- Born: January 11, 1963 Rome, Italy
- Occupation: Actor

= Renato Cestiè =

Italian actor (born 1963)

Renato Cestiè (born January 11, 1963) is a former Italian film actor.

He was Italy's top child star of the 1970s. His best-known work was in tear-jerkers such as The Last Snows of Spring, where he would play a neglected child who, most often, would die of disease by the end of the film. Despite their grim themes, these films were successful and spawned many imitators. Several of Cestiè's movies were also popular in the UK, where they were released by GTO Films.

In his adult career he mostly worked on television. After a part on the sitcom I ragazzi della 3ª C, he retired from acting and opened a gym.

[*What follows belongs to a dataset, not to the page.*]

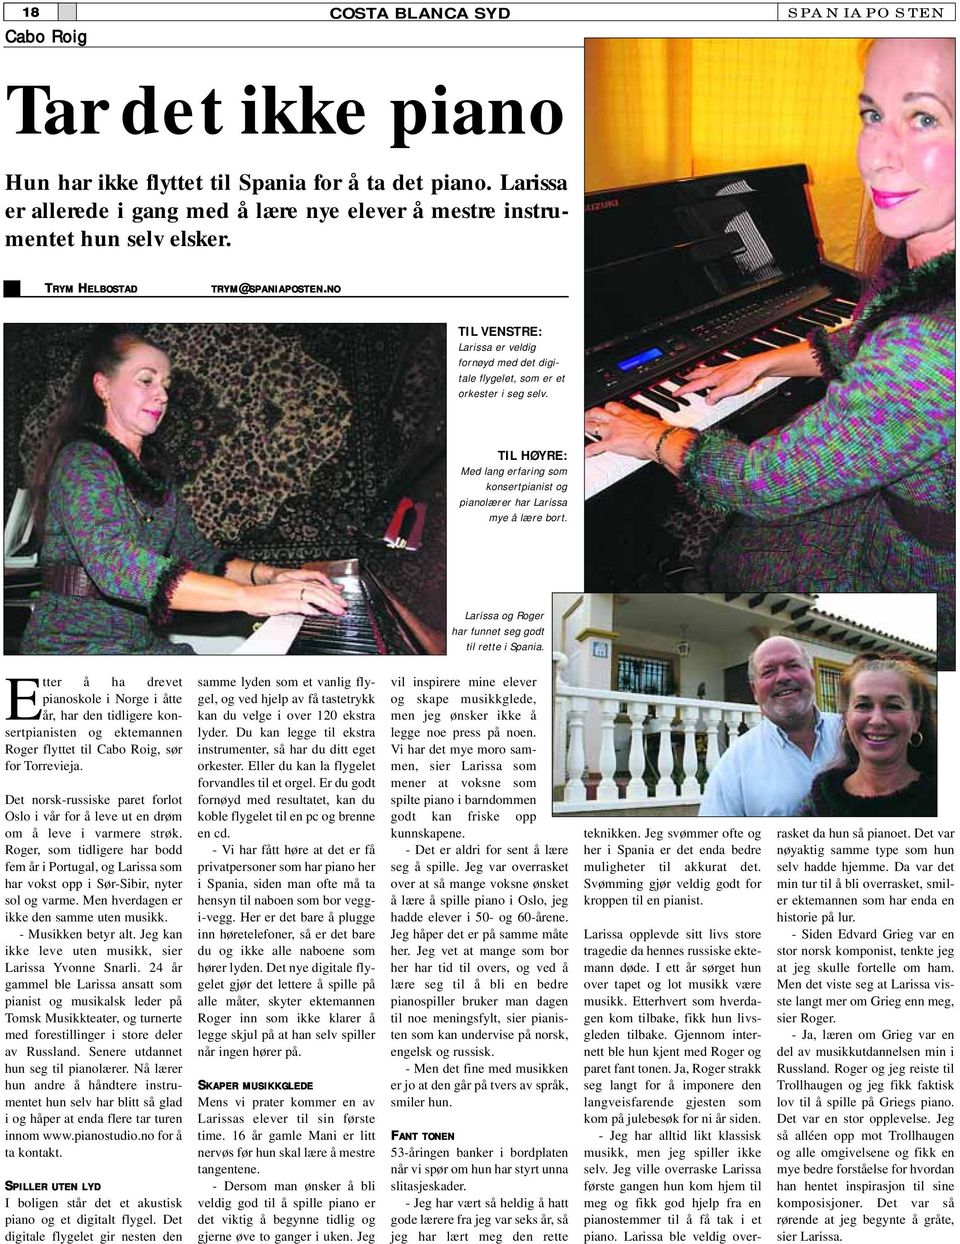 TIL HØYRE: Med lang erfaring som konsertpianist og pianolærer har Larissa mye å lære bort. Larissa og Roger har funnet seg godt til rette i Spania.

== Selected filmography ==
- St. Michael Had a Rooster (1972)
- Man Called Amen (1972)
- It Can Be Done Amigo (1972)
- Il diavolo nel cervello (1972)
- Challenge to White Fang (1973)
- The Last Snows of Spring (1973)
- Torso (1973)
- The Balloon Vendor (1974)
- White Horses of Summer (1975)
- Giubbe rosse (1975)
- We Are No Angels (1975)
- Nero veneziano (1978)
- Le nuove comiche (1994)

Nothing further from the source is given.